Mestieri
export managerLivello di scolarizzazione
laureaPaesi di emigrazione
Algeria, Siria e IraqPeriodo storico
Periodo contemporaneo (dal 1977 ai giorni nostri)Rosario Simone è in Iraq, per motivi di studio, il 2 agosto del 1990: il giorno in cui Saddam Hussein inizia l’invasione militare del Kuwait.
Come al solito tornai a Bagdad nell’ora più calda del pomeriggio. Aspettai a lungo l’autobus finché arrivò un double decker che sembrava andare senza autista. Vi salii e realizzai che invece era guidato dal solito minuscolo vietnamita. Raggiunsi Mimmo nel suo albergo. Mi disse che di colpo tutti i kuwaitiani che popolavano metà dell’albergo avevano fatto le valigie ed erano partiti in blocco, come spaventati da qualcosa di misterioso. Comprammo l’inutile Al Qadissiya, uno dei quotidiani di regime, ma ci sembrò comunque di capire che Saddam stava rivendicando i suoi diritti su una zona di frontiera contesa col Kuwait. Ci confermarono qualcosa del genere anche i nostri amici della croce rossa, durante una bellissima festa nel loro giardino di casa, ma noi non ci facemmo caso più di tanto, convinti del fatto che nelle zone petrolifere c’è sempre qualcuno che rivendica degli antichi confini. Raggiungemmo Mossul in autobus e visitammo i ruderi di Ninive, camminando fra una postazione militare e l’altra e spiegando ogni volta che ci fermavano cosa facessimo lì. Trascorsi anche un pomeriggio intero ad Hatra, da solo fra gli scavi archeologici, la sabbia e le tante statue di Ercole disseminate fra gli scavi. Poi andammo insieme ad Ammadia. Da lontano sembrava un paesino della Basilicata, che so, Oliveto Lucano. Lì trascorremmo la notte in una pensioncina in cima al paese ed al mattino prendemmo un taxi che ci portò fino a Shilardiza, decisamente più in là verso il cuore delle montagne curde.
Nel punto della confluenza di due bellissimi fiumi di montagna attraversammo un tratto di torrente gelido a piedi nudi per fare colazione su di un isolotto di ghiaia. Era un luogo meraviglioso! I piedi dei tavolini e delle sedie erano conficcati nella ghiaia. Tutt’intorno acque che scorrevano velocissime verso il fondo valle. Sopra le nostre teste una piccola tettoia di canniccio. Ci portarono un secchiello ciascuno di yogurt fatto dai pastori e pane paesano ancora caldo. Poi ancora tè bollente a volontà.
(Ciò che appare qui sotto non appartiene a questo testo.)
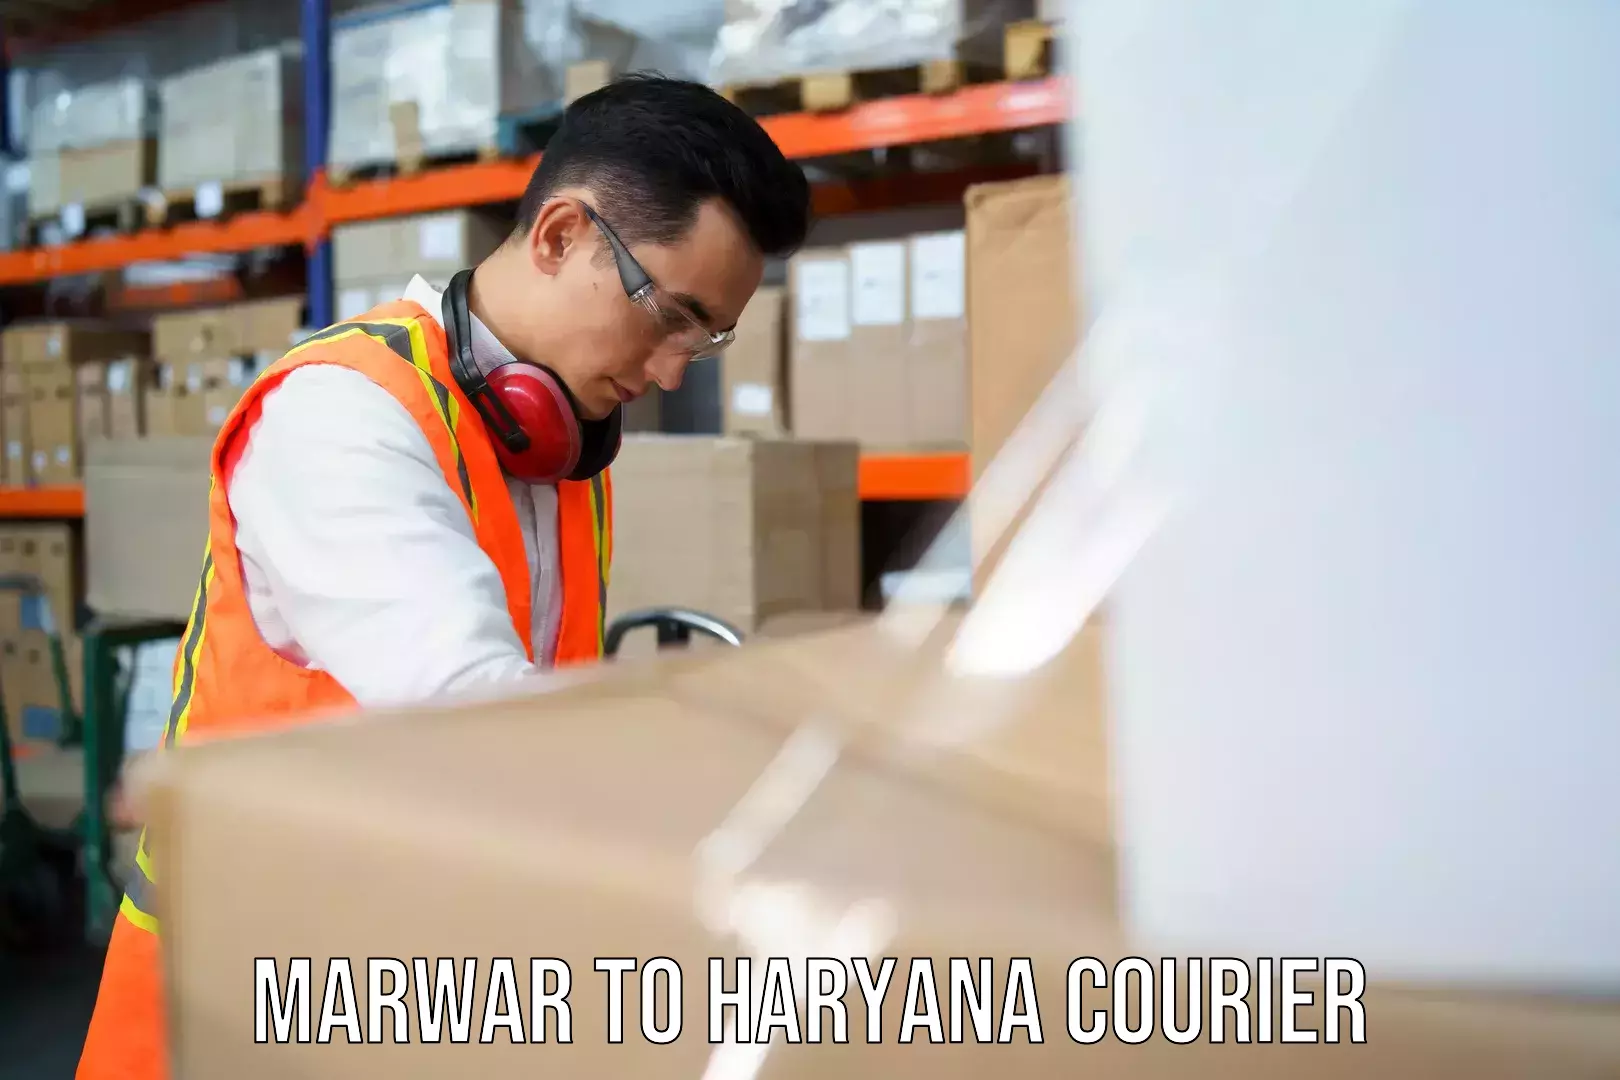 Courier service innovation Marwar to Chirya

Divorammo tutto, senza risparmiare il paesaggio clamoroso. Tutto intorno montagne per lo più brulle, ma alte e spettacolari, soprattutto per i colori e per l’intensità della luce. Riattraversammo il guado per riprendere il nostro taxi verso Ammadia e ad un bivio demmo un passaggio ad un curdo che faceva l’autostop. Era il due di agosto. “Dove vai?” – gli chiesi io. “Dove vuoi che vada? In caserma! Non sai che stanotte il nostro esercito è entrato in Kuwait? Siamo stati tutti richiamati!” Quando ci penso mi torna ancora il tremito che mi percorse in quel momento. Il tassista accese subito la radio e da quel momento non vi fu altro che un susseguirsi minaccioso di marcette militari e di proclami. Noi due tacemmo fino ad Ammadia e neppure proferimmo parola per tutta la strada fino a Mossul. Eravamo preoccupatissimi e volevamo notizie attendibili. All’ingresso di Mossul passammo per il bivio in cui, nella gigantografia di Saddam vestito di nero, il presidente somigliava tale e quale ad un enorme Dracula. Questa volta non ci venne da ridere. Corremmo all’albergo per precipitarci al posto telefonico. Dopo svariati tentativi riuscimmo a parlare con l’ambasciata italiana.